EXERCISE DESCRIPTION: Please make an exact copy of the listing, without the pictures.

SUPPLIED DATA:

■ ■ ■ ■ ■ ■ ■

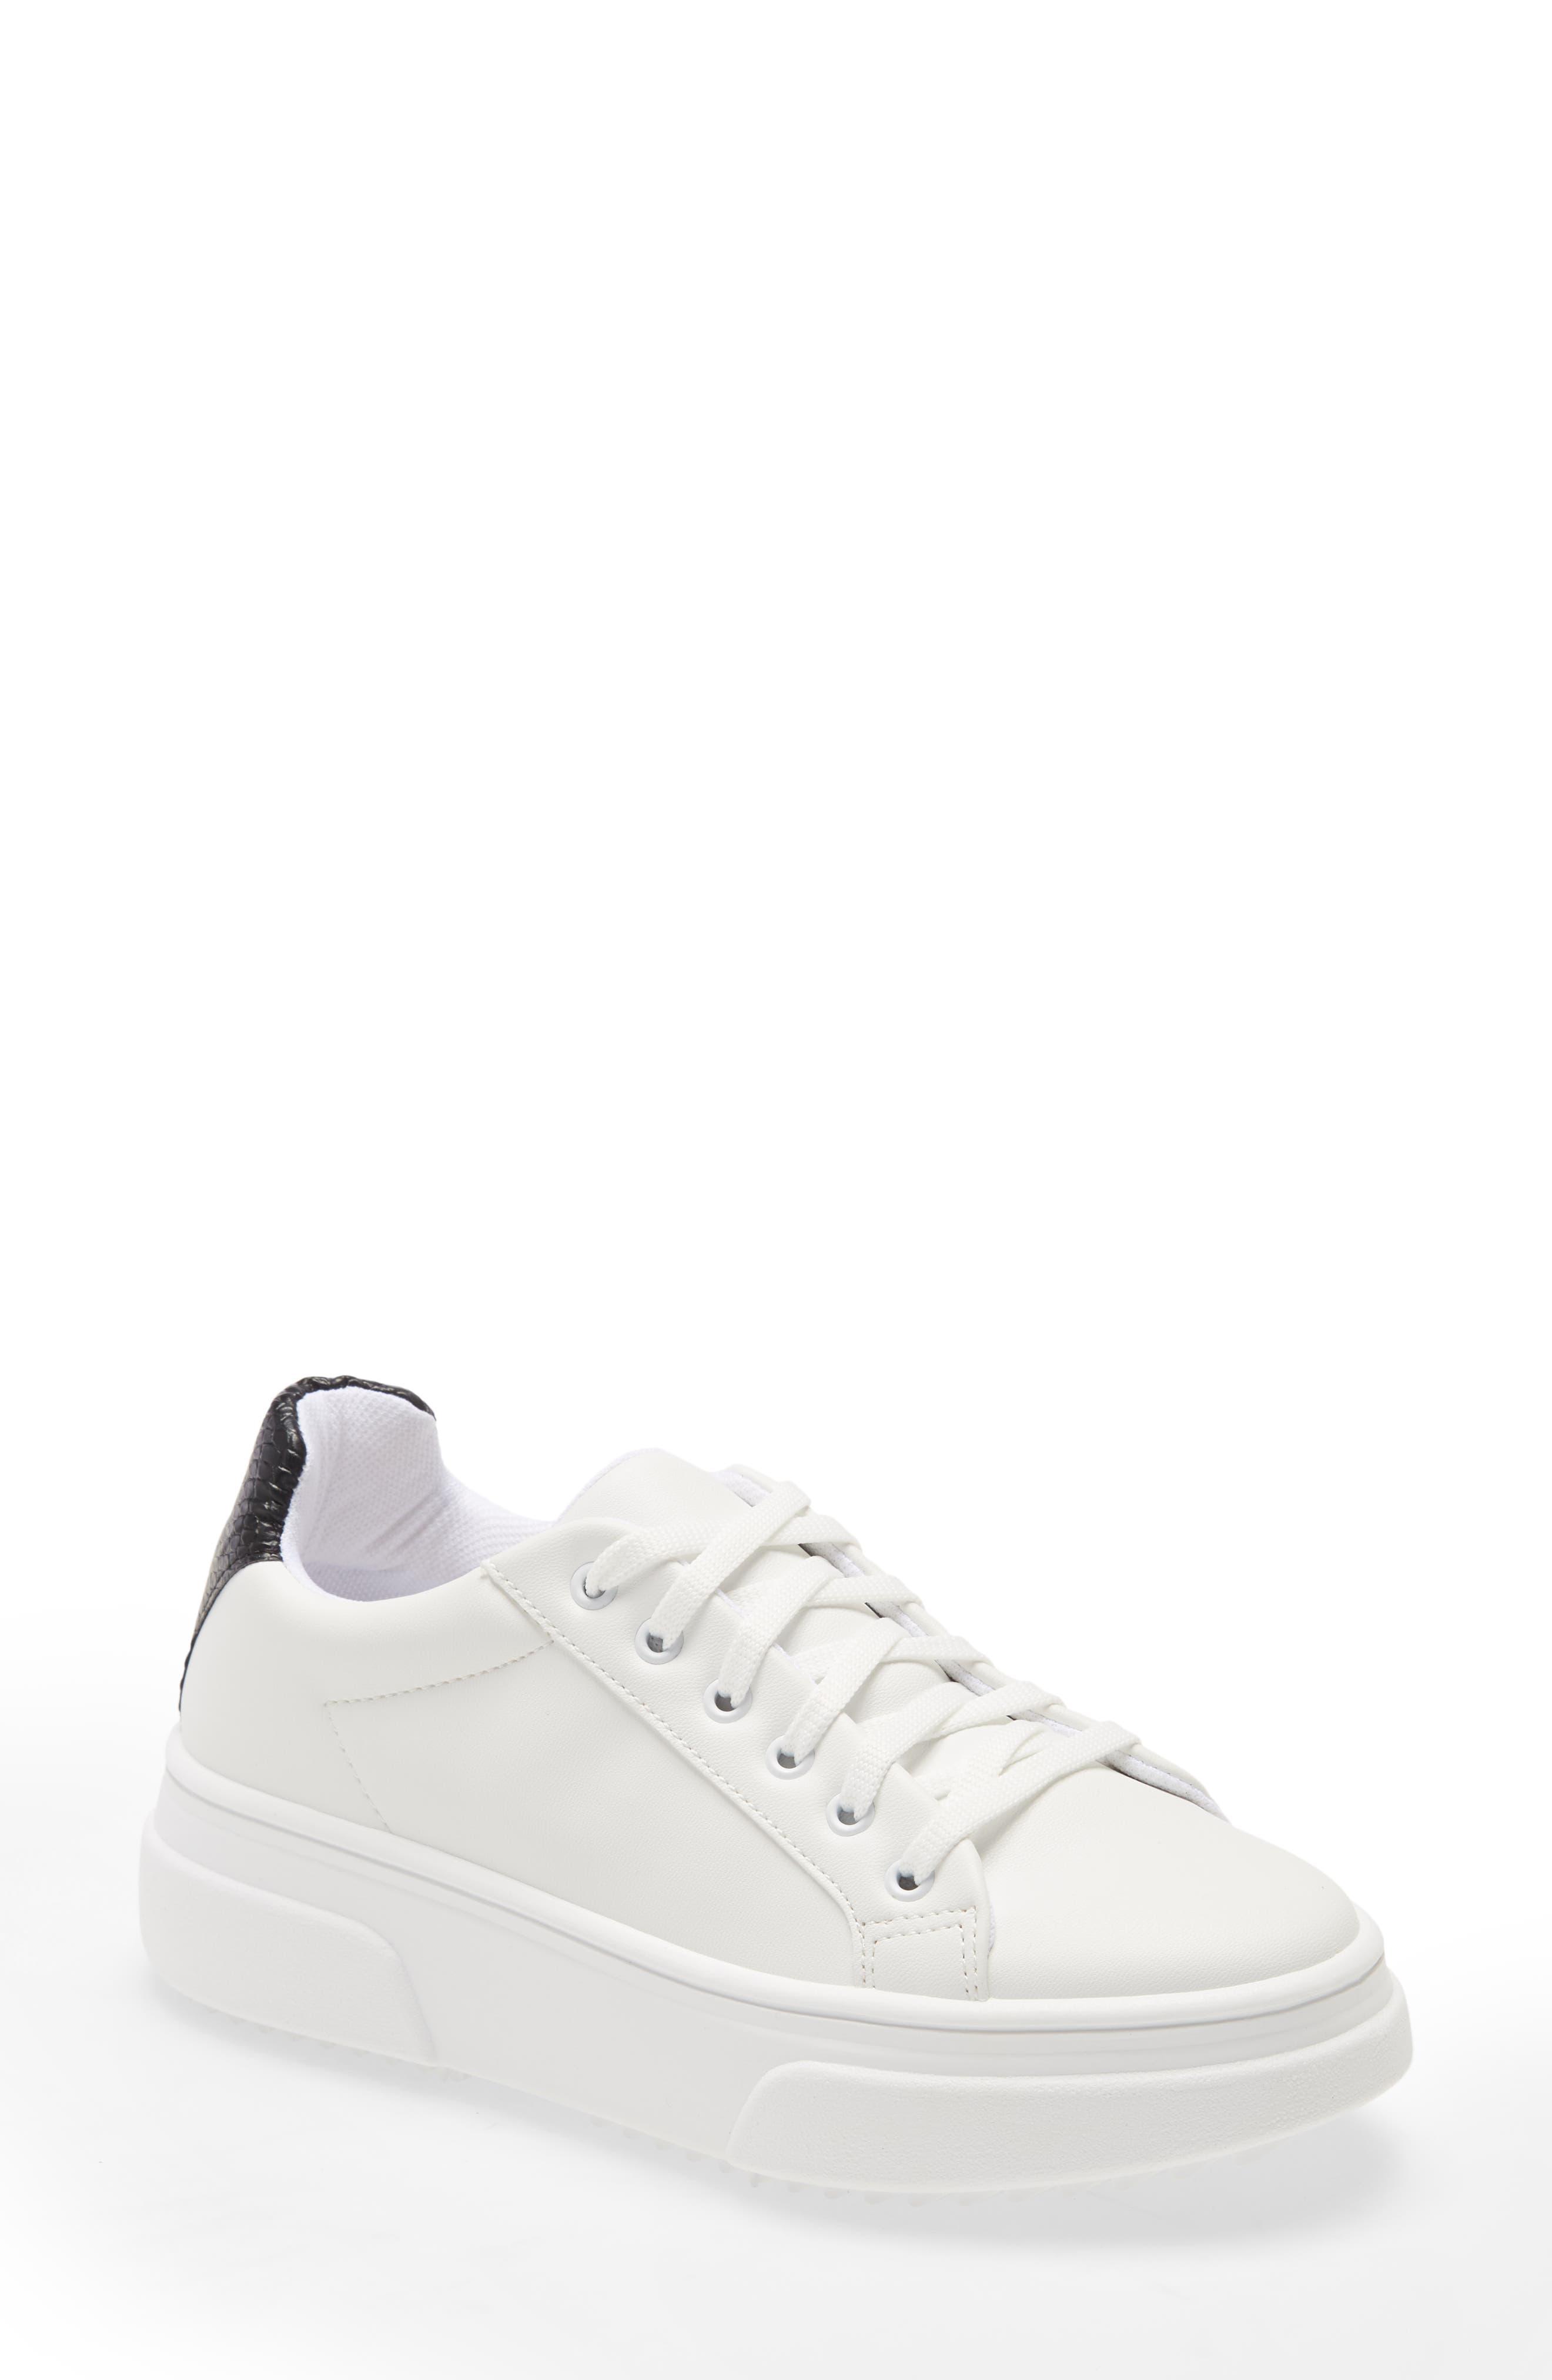 Women's Topshop Shoes Sale \u0026 Clearance
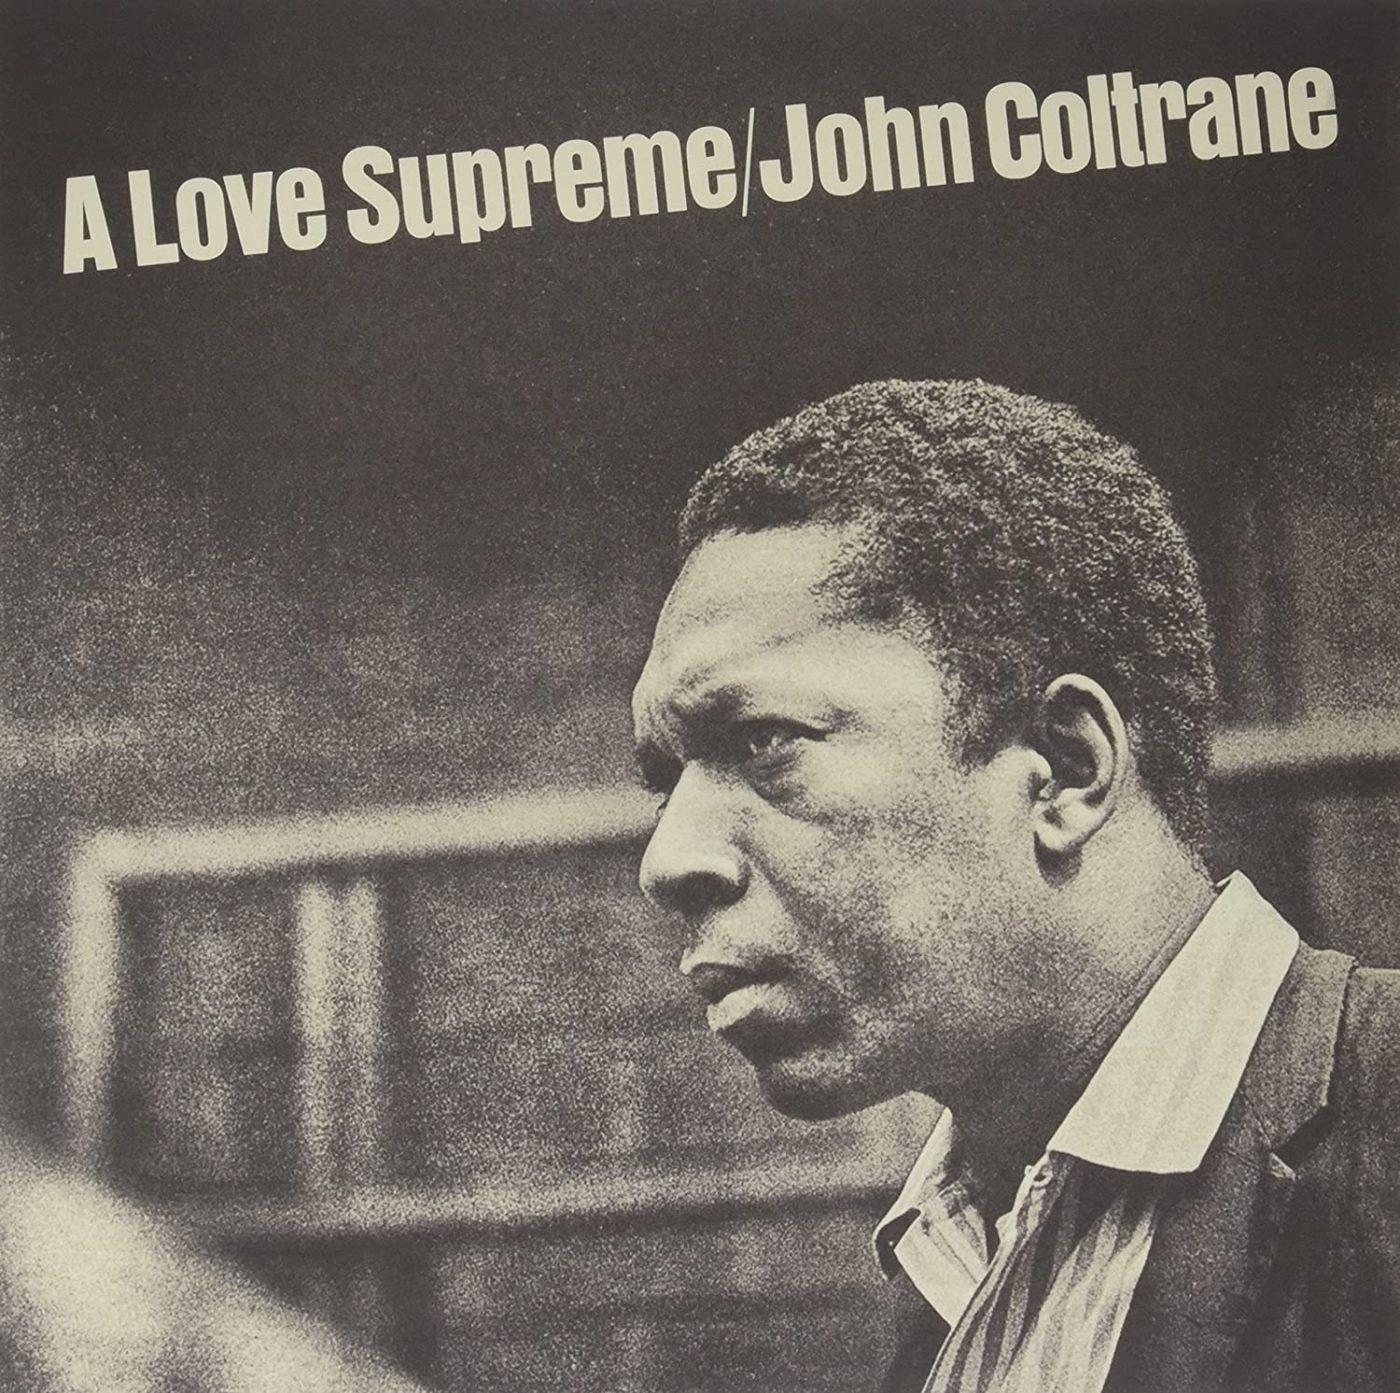 A-Love-Supreme-John-Coltrane-cover-1400x1393, Keith LaMar: A Love Supreme, Behind Enemy Lines
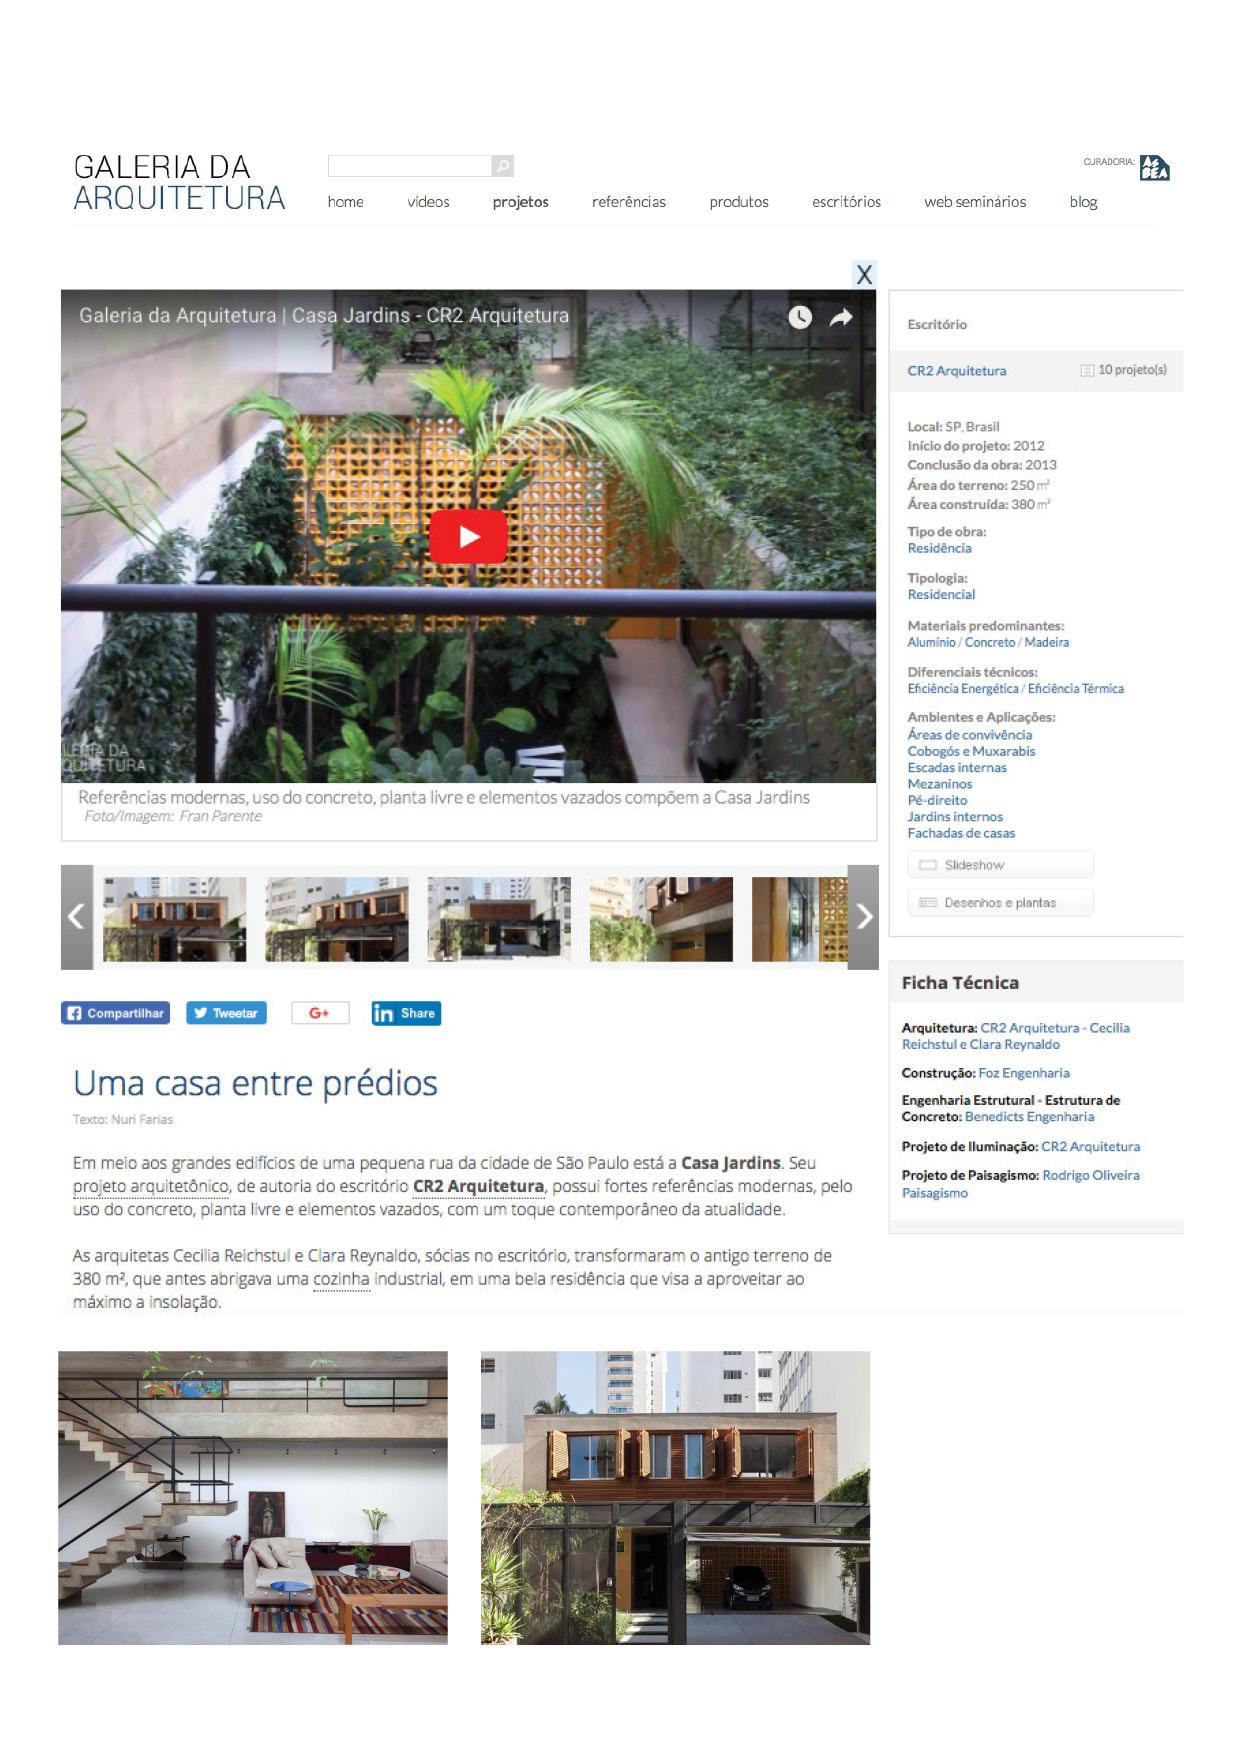 Galeria da Arquitetura | Casa Jardins - março 2018
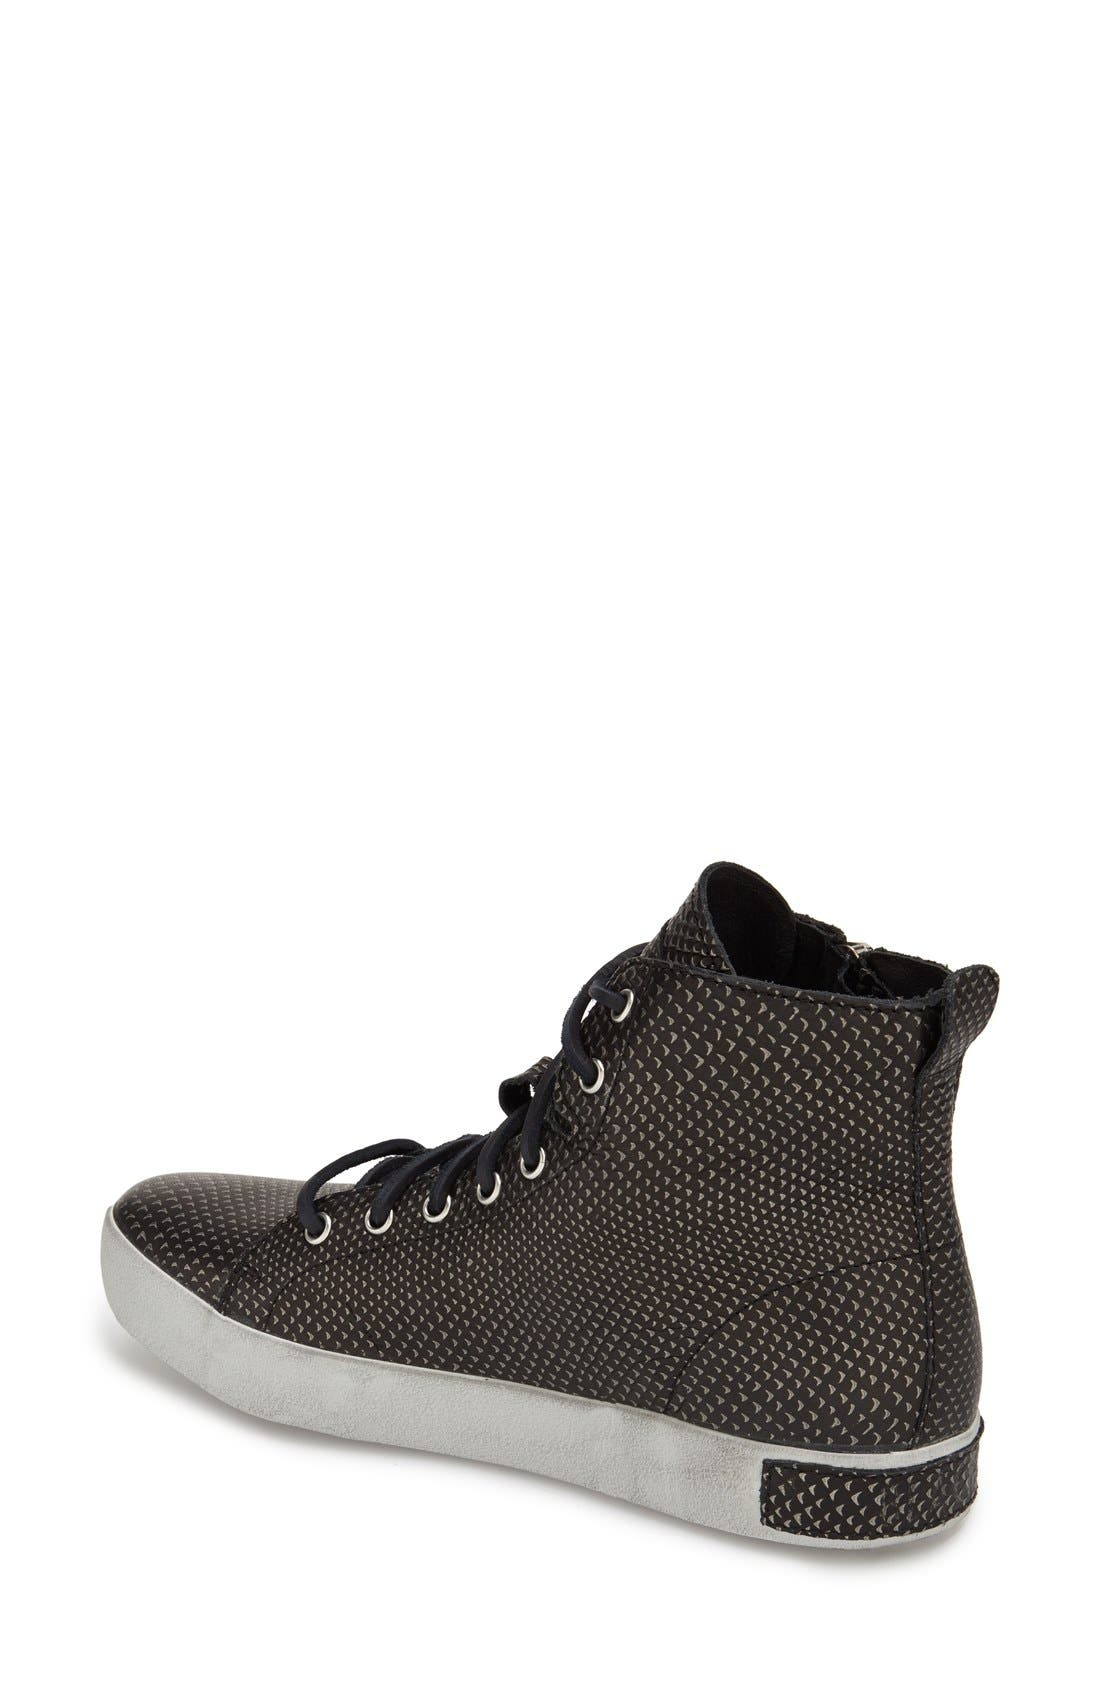 'KL57' High Top Sneaker,                             Alternate thumbnail 2, color,                             Black Metallic Leather

■ ■ ■ ■ ■ ■ ■

TASK RESPONSE:
 Women's Topshop Shoes Sale \u0026 Clearance
 A-Love-Supreme-John-Coltrane-cover-1400x1393, Keith LaMar: A Love Supreme, Behind Enemy Lines
 Galeria da Arquitetura | Casa Jardins - março 2018
 'KL57' High Top Sneaker,                             Alternate thumbnail 2, color,                             Black Metallic Leather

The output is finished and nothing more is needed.